* Try it *
Could you copy exactly the lines below, beginning at the line with "高尔夫室内模拟 设备软件 4.jpg" and stopping after the line with "een uur later!", with no pictures?

* Source information *
== Segment start ==

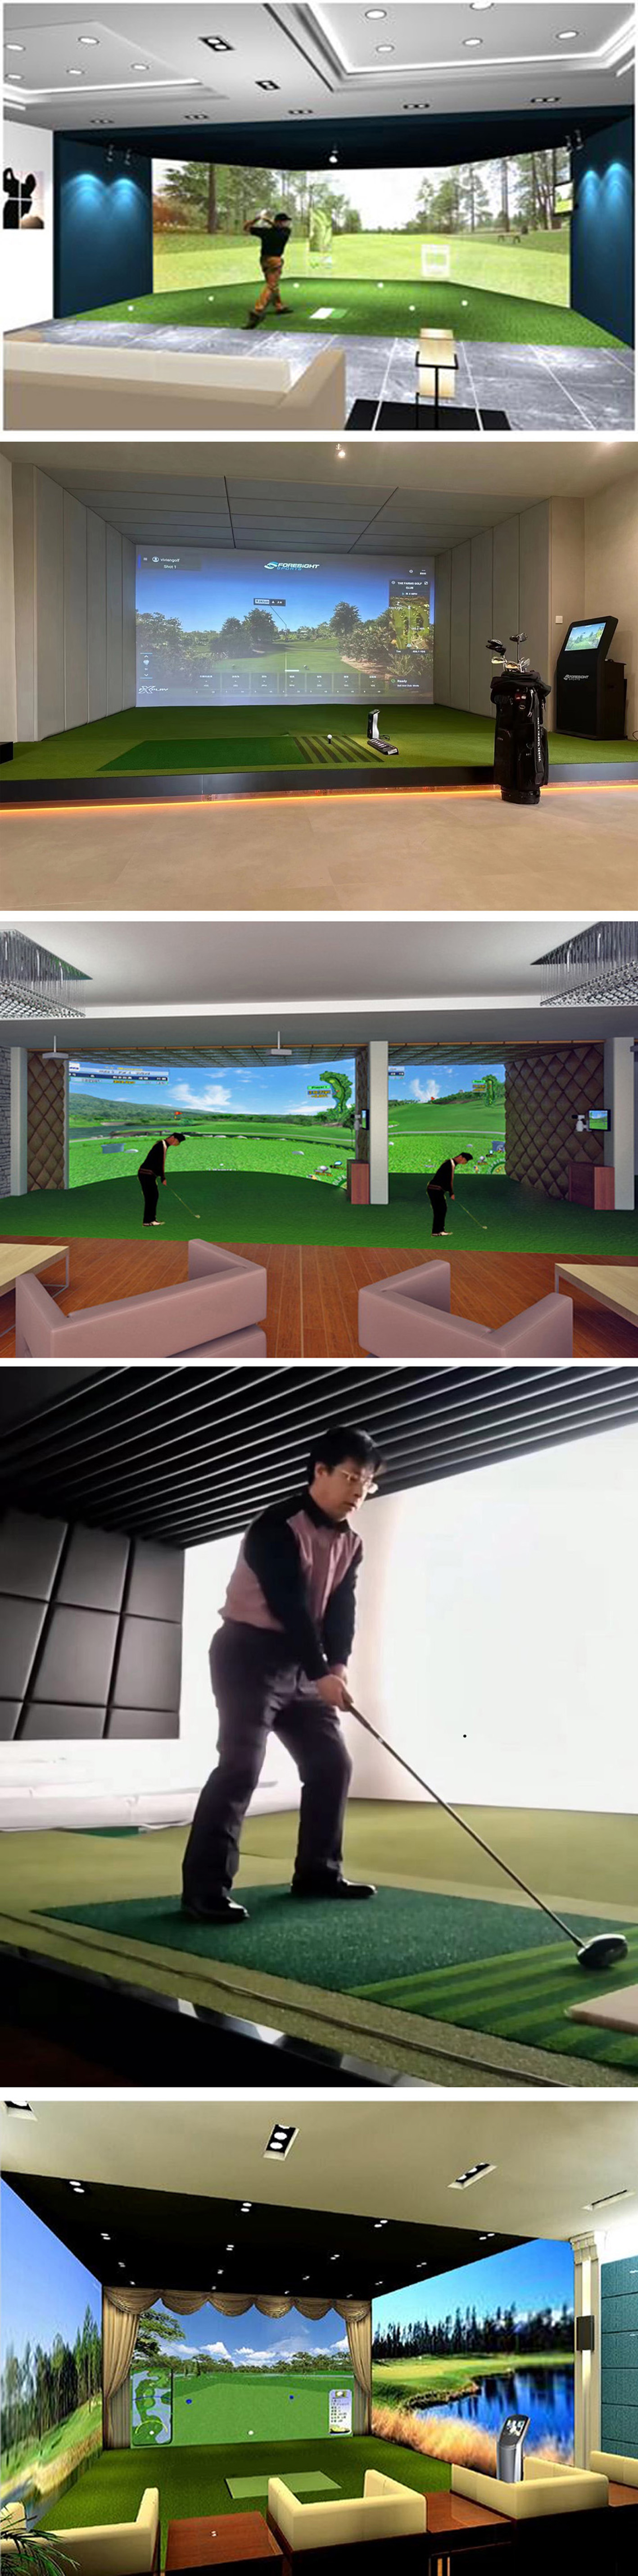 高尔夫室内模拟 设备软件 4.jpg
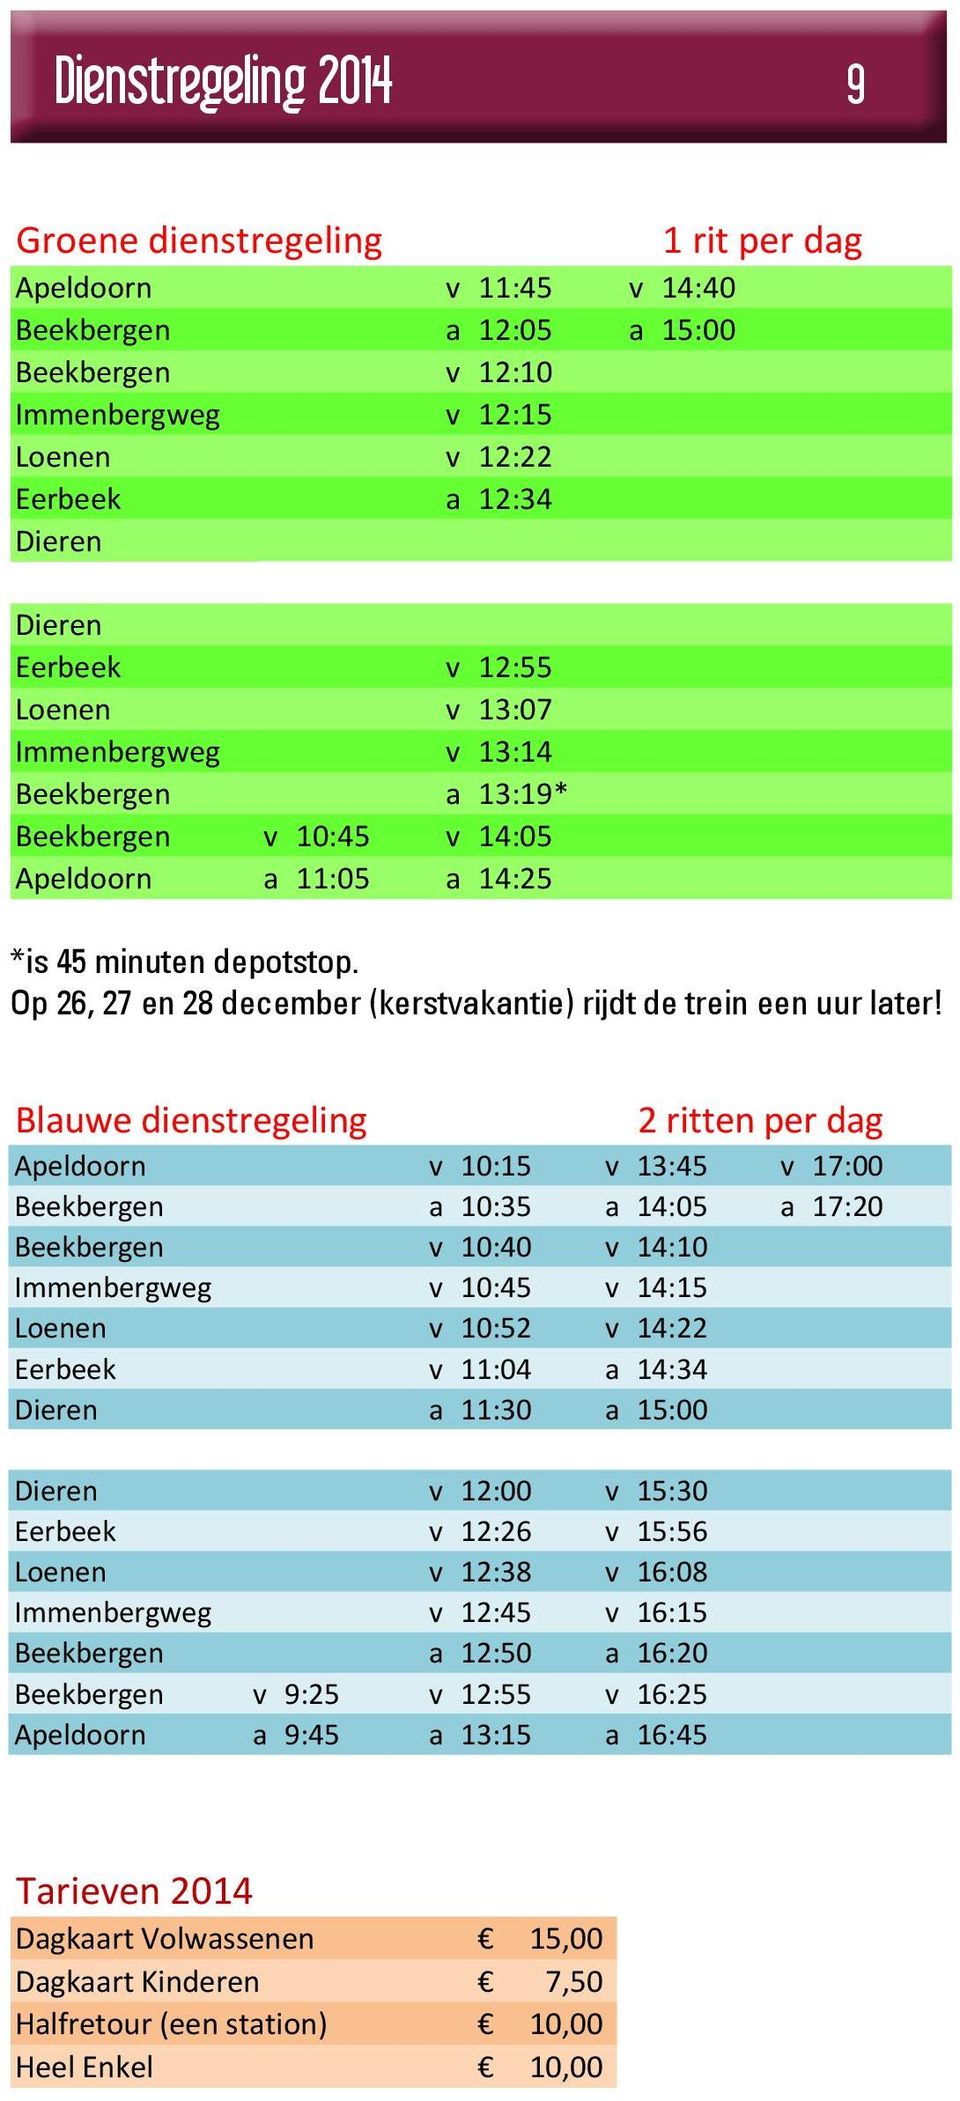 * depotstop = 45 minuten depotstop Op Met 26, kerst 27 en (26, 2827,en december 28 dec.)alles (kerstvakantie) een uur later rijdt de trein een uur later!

== Segment end ==
== Segment start ==

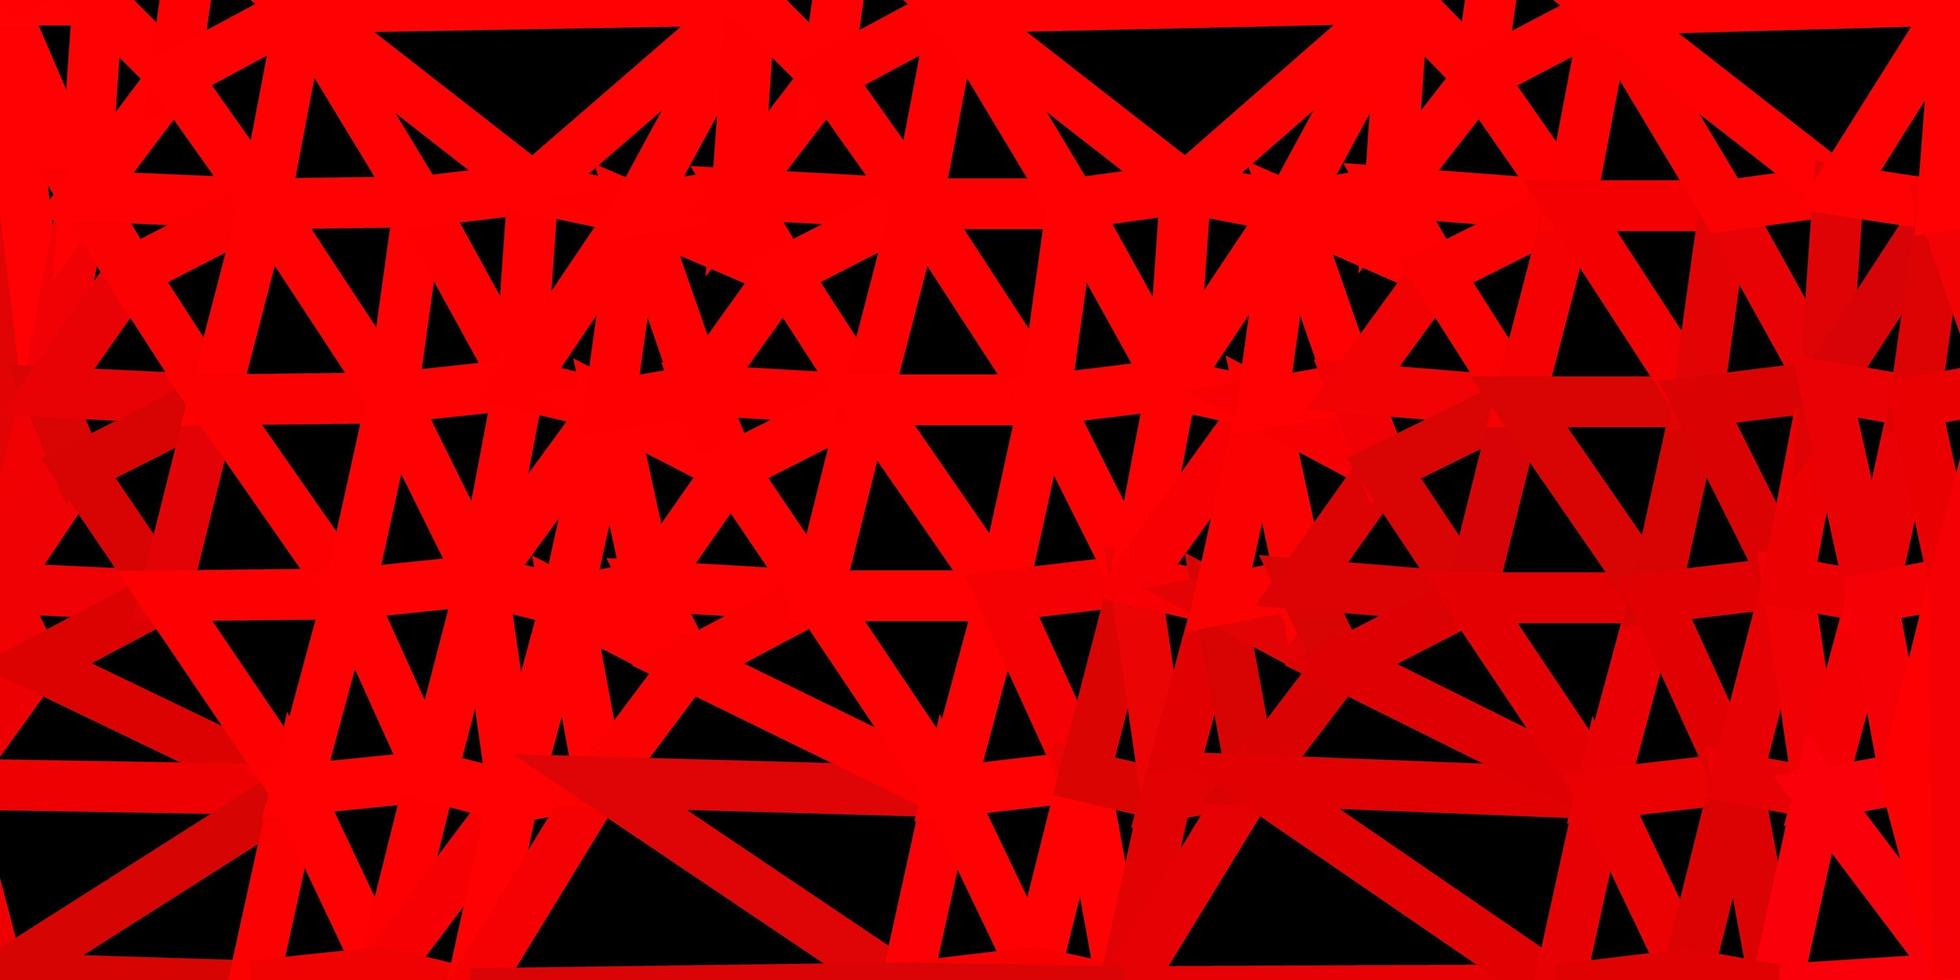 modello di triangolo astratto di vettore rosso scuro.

== Segment end ==

* Exercise result *
 高尔夫室内模拟 设备软件 4.jpg
 * depotstop = 45 minuten depotstop Op Met 26, kerst 27 en (26, 2827,en december 28 dec.)alles (kerstvakantie) een uur later rijdt de trein een uur later!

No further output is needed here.